In the end the asparagus adds a subtle sweetness but mostly texture and spats of color. The parsnip is only mildly detectable in the soup, but then again, you can add as much of it along with the potato as you wish. Leeks are a stealthy way to add velvety texture to a potage, because their delicate layers will blend up with that silkiness that is conspicuous if you just feel them while chopping. It’s a bit like sheets of cornsilk, underneath those thick outer sheaths. Try, if you can, not to opt for plain yellow onions, for that reason. But of course, that’s no hard and fast rule.
Potato, Leek & Parsnip Soup with Asparagus
(makes 4-6 servings)
2 large leeks, white and light green parts only, chopped
4 russet potatoes, peeled and chopped
1 parsnip, peeled and chopped
6 cups chicken or vegetable broth (preferably homemade)
6-8 stalks asparagus, trimmed of rough ends and sliced thinly on a bias
2 tablespoons butter (optional)
½ cup heavy cream or half-and-half (optional)

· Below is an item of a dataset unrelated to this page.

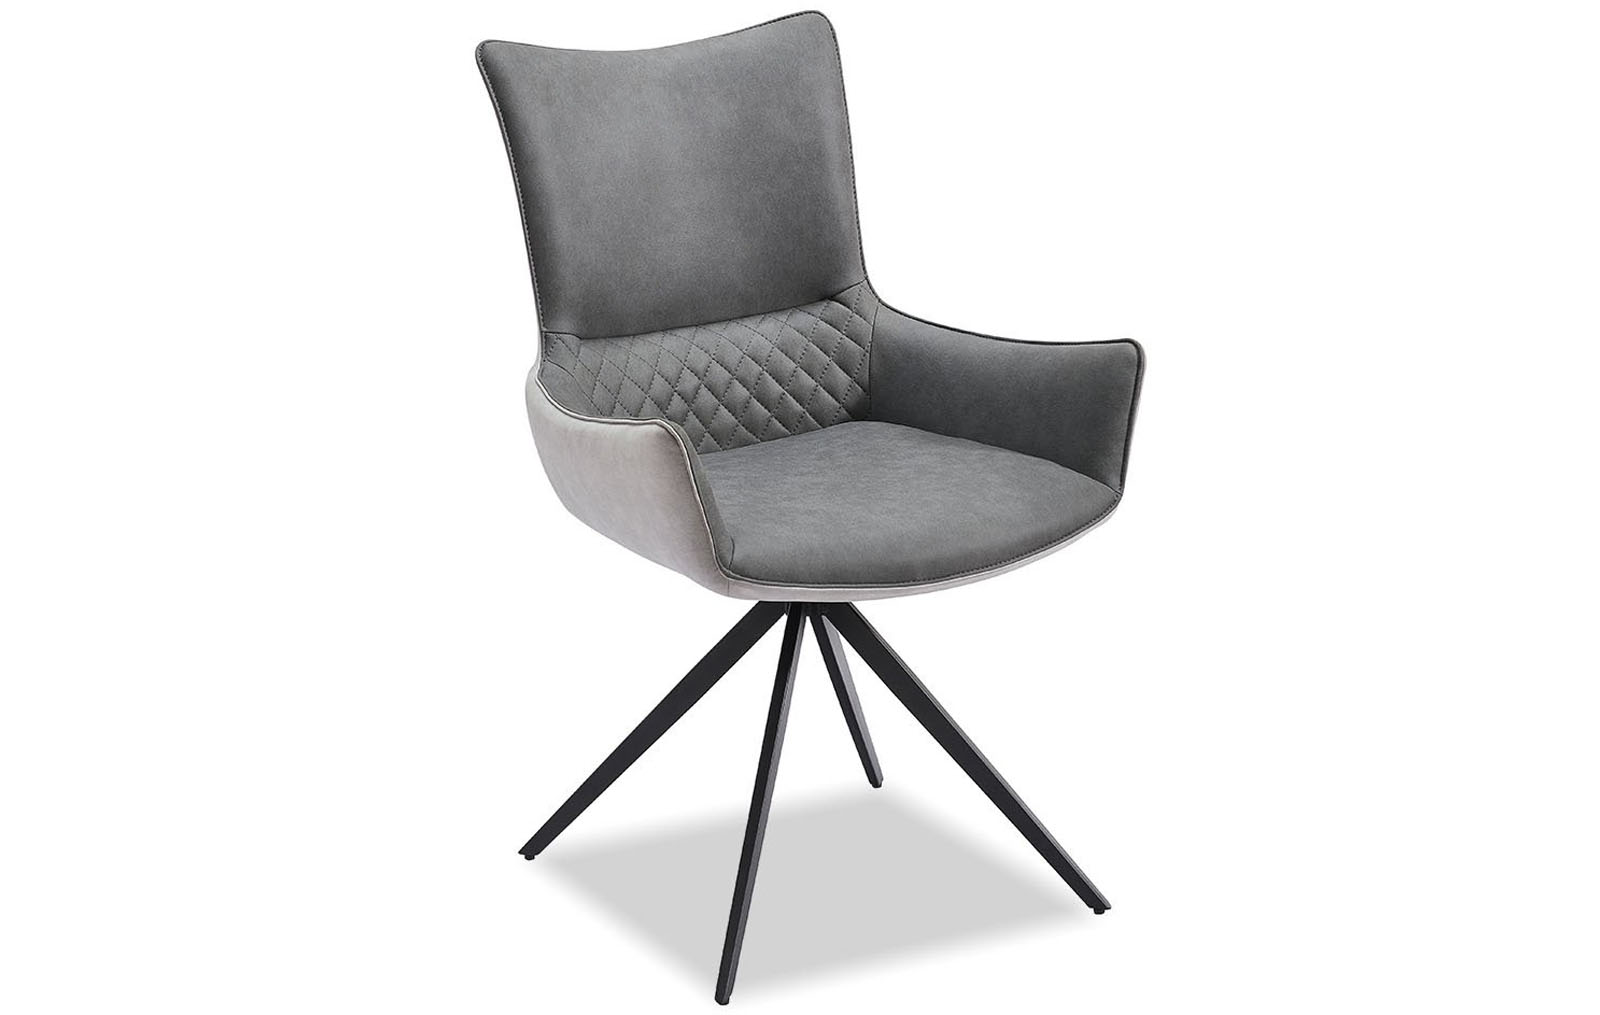 Кресло Jess, графит/серый цвет от Imodern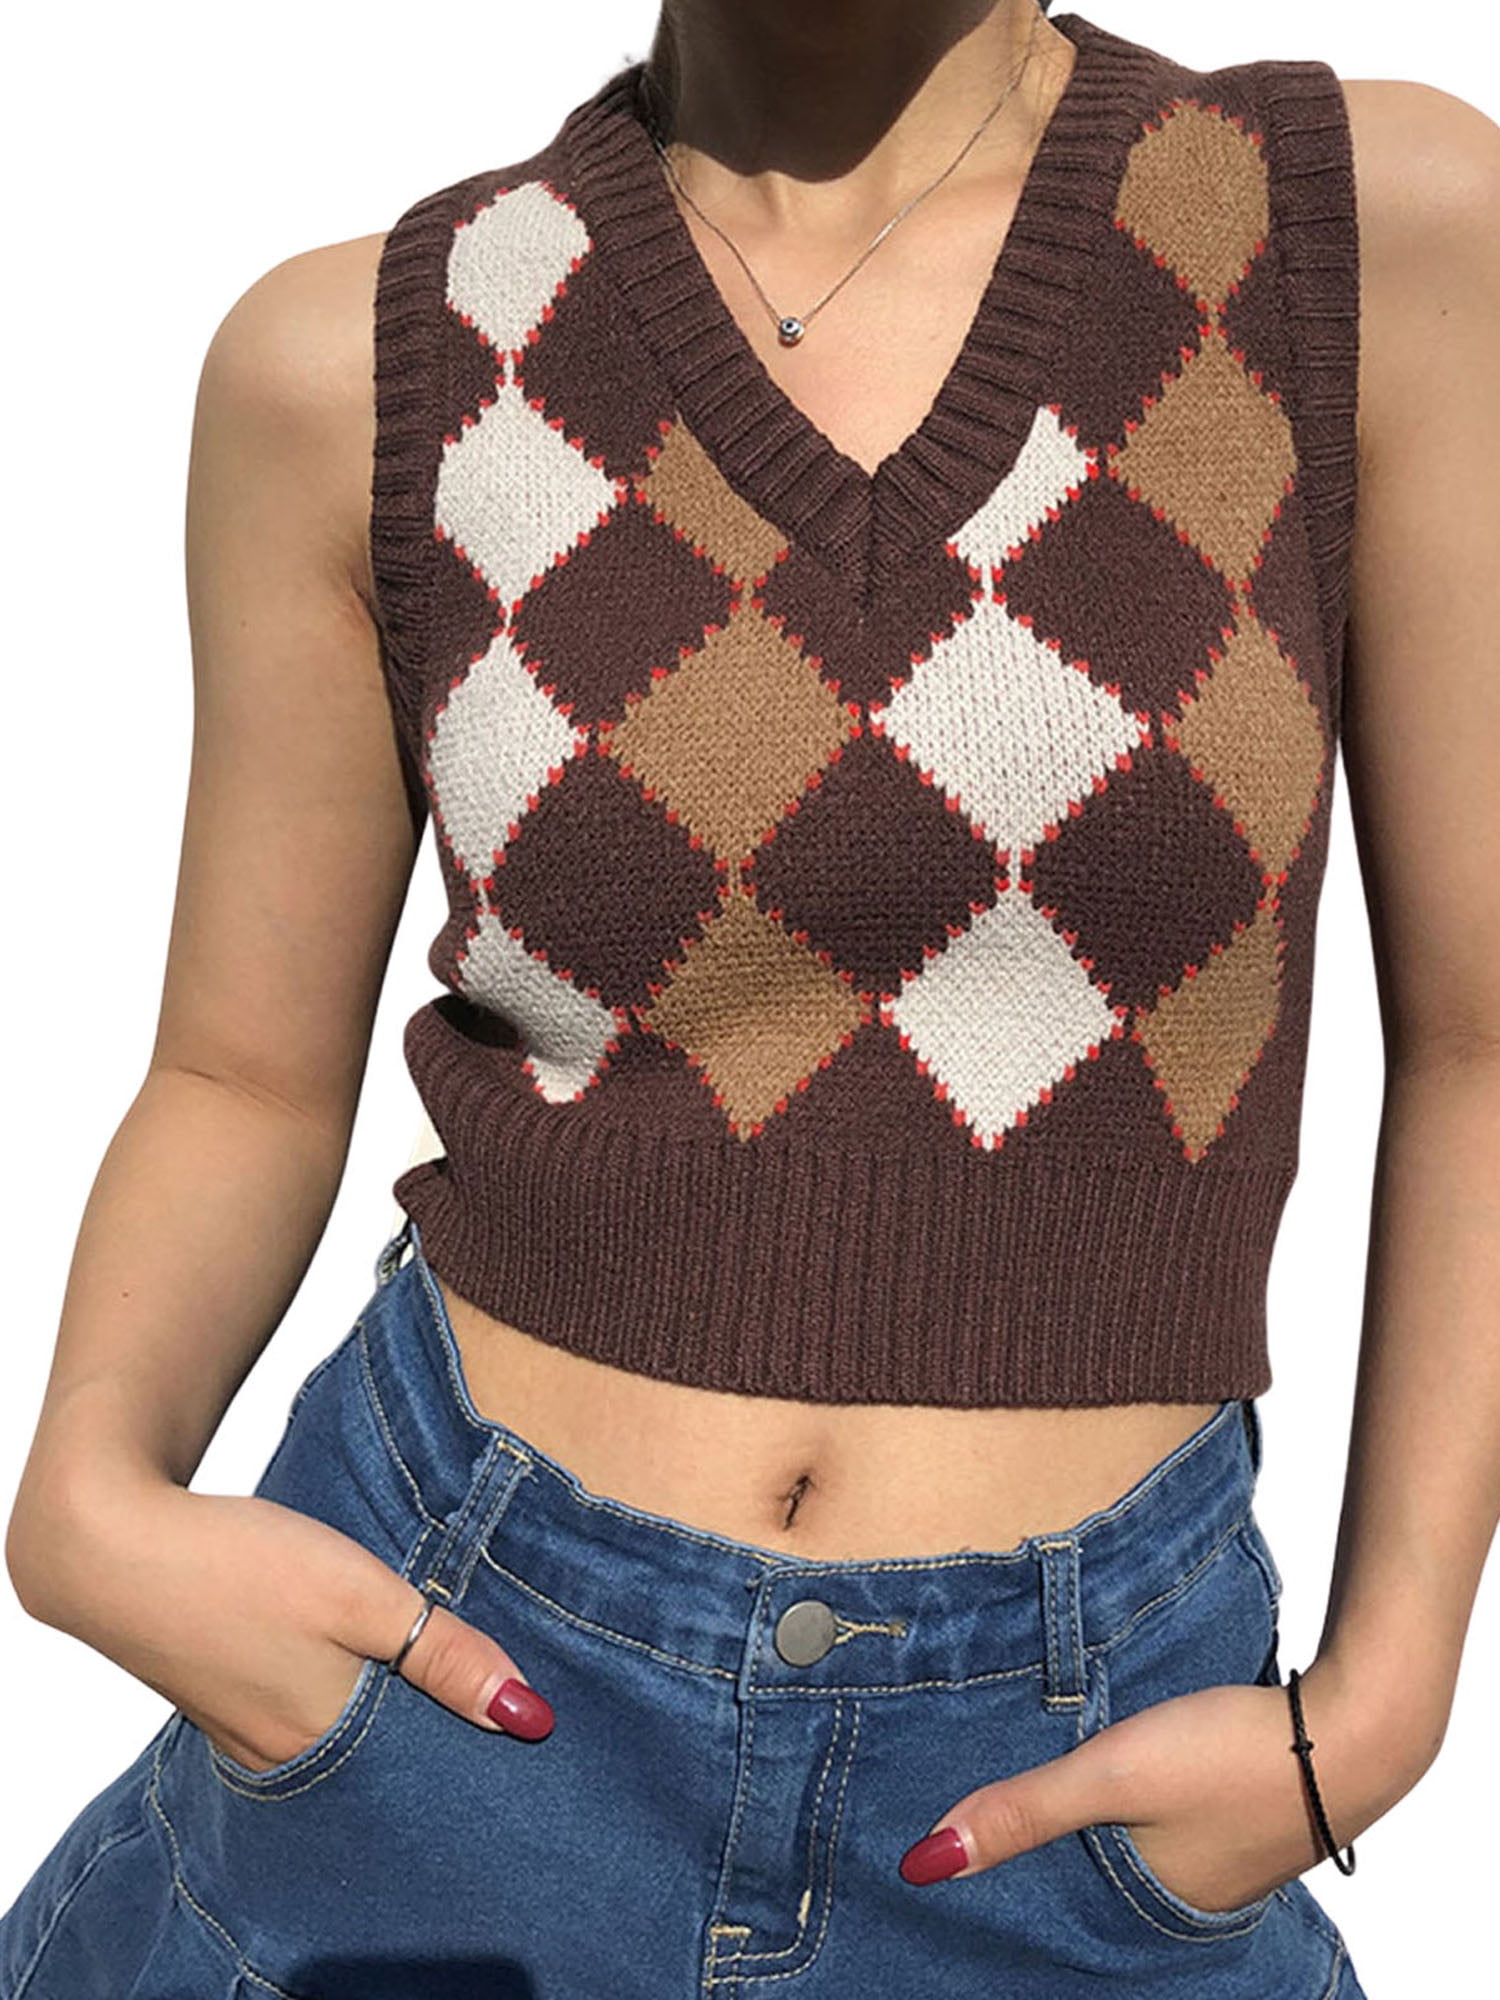 SheIn Women's V Neck Plaid Print Sweater Vest Sleeveless Rib-Knit Crop Tank Tops

salt and white pepper to taste
Combine the chopped leeks, potatoes and parsnip in a pot and cover with the broth. Bring to a boil, then reduce to a simmer and cook, partially covered, at low heat for 45 minutes.
Using an immersion blender, blend the soup thoroughly until thick and smooth. Add water if desired for a thinner consistency. Return the soup to low heat and add salt and pepper to taste.
Drop in the asparagus and stir in the optional butter and/or cream. Remove from heat, and either serve immediately warm, or let cool and chill in the refrigerator for a few hours before serving (or up to a few days).
(for 4-6 servings)
2 leeks (from a $3 bunch of 4): $1.50
4 potatoes (at $1/lb): $1.50
1 parsnip (at $1/lb): $0.50
6 cups homemade stock: $2.00
2 Tb butter (at $6/lb): $0.37
1/2 bunch asparagus: $2.00
Four brownie points: This soup is also very flexible when it comes to health and dietary concerns—opt for chicken broth and optional dairy for more richness, or make it completely vegan. It’s still potato, leek and parsnip soup, and you can even fill up on it for a full meal. The root veggies will help provide fiber and potassium, while the asparagus will pitch in for antioxidants and many minerals.
Eight maple leaves: as a plant-based (or almost plant-based) soup using seasonal ingredients only (at least now), it’s a win-win when it comes to health and the environment. Plus, using up leftover or old ingredients in your fridge (like the parsnip) is a plus, and soups are very handy for that.